One of the more interesting
consequences of Henry Cowell’s long campaign for parole had been a
striving for respectability, not only in the demonstrable aspect of his
own character, but even in his art. The music he composed
in jail, and then after his release, tended to be less experimental,
less radical, than he had been attempting before; and the move to New
York cut him off from the more daring musical subcultures of the west
coast. It may be, in other words, that his arrest
and conviction led ultimately to a diminished achievement in his
musical career. But at least, on his release, he was still able to work
in his chosen field. Indeed, thanks to a federal ‘cultural defense’
programme which had been instituted as part of the
American war effort, when his civil rights were restored on 3 July 1941
Cowell was able to become a government employee, editing Latin American
music for publication to counter Nazi claims that Latino culture was
not valued by the USA. Fully pardoned by 1943,
Cowell was appointed senior music editor in the overseas branch of the
Office of War Information.[6]
In the long run, Henry Cowell got some
kind of revenge on Charles Ives.
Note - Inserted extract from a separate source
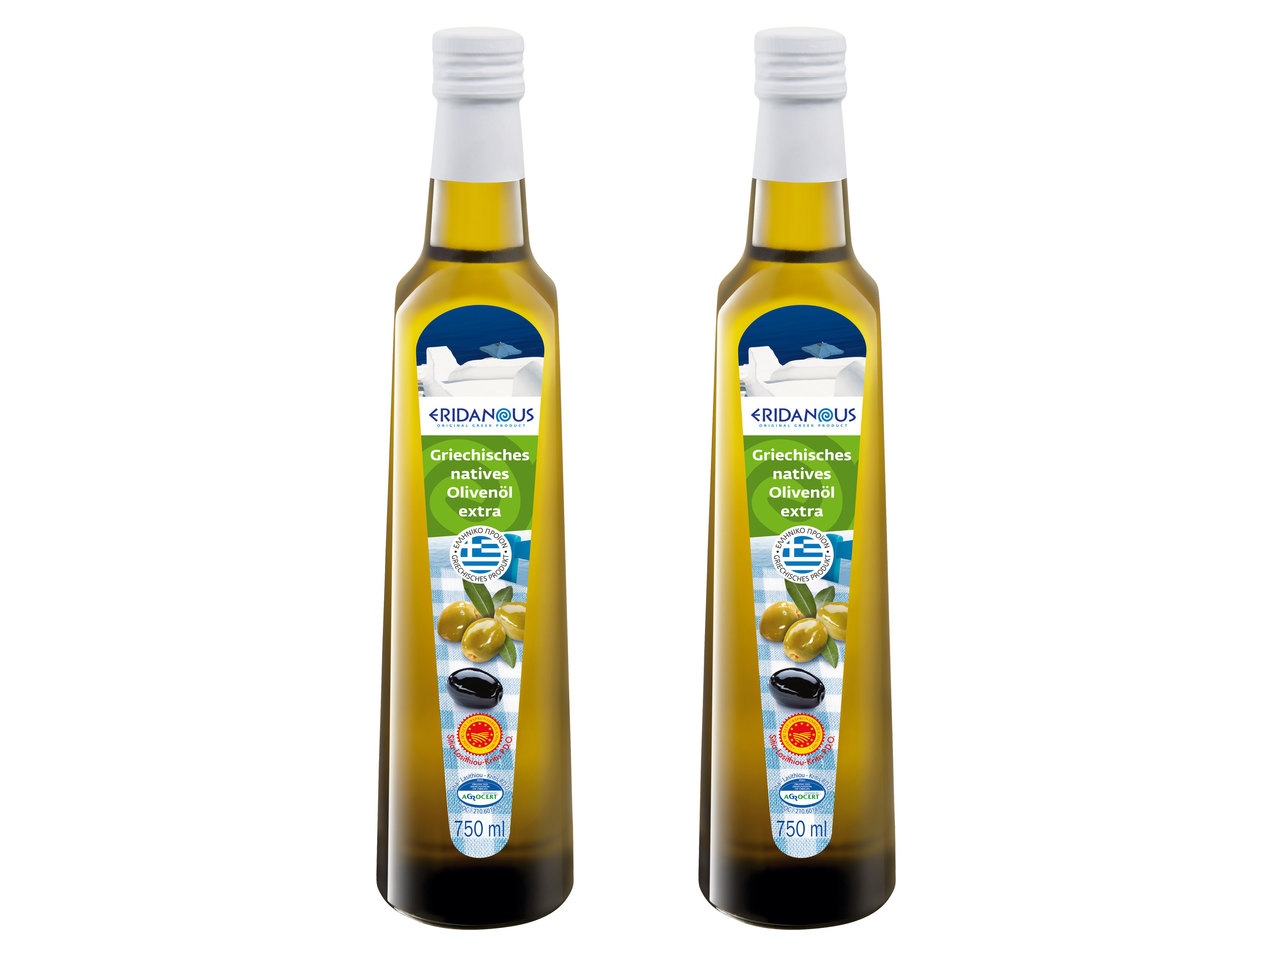 ERIDANOUS Griechisches natives Olivenöl extra g.U.

In 1955, a year after Ives’ death, he
published an aggressively sycophantic book,
Charles Ives and His Music, in which, referring to himself in the
third person, he reminded the world that he had been instrumental in
first making Ives’ reputation in the late 1920s: ‘Cowell immediately
began to include Ives’s name among the really
important creative figures of the early twentieth century, and to write
and lecture about him persistently both abroad and at home’.[7]
[1]
The papers of a major symposium on Cowell are not forthcoming about
this episode in his life, any more than they are about his sexuality.
San Quentin is mentioned several times, but the reason for imprisonment
only once (pp.155-156), by William Lichtenwanger.
Although Cowell is never treated as homosexual or bisexual, the papers
contain many references to his wife, Sidney Robertson Cowell—David
Nicholls (ed.),
The Whole World of Music: A Henry Cowell Symposium (Amsterdam: Harwood, 1997).
[2]Stuart
Feder, Charles Ives, “My Father’s Song”: A Psychoanalytic Biography (New Haven & London: Yale University Press, 1992), p.343.
[3]Frank
R. Rossiter, Charles Ives and His America (London: Victor Gollancz, 1976), p.169.
[4]Feder,
p.336.
[5]Jan
Swafford, Charles Ives: A Life with Music (New York: Norton, 1996), p.375.
[6]
Michael Hicks, ‘The Imprisonment of Henry Cowell’, Journal of the American Musicological Society 44 (1991), pp.92-119.
[7]Henry
Cowell & Sidney Cowell, Charles Ives and His Music (New York: OUP, 1955), p.105.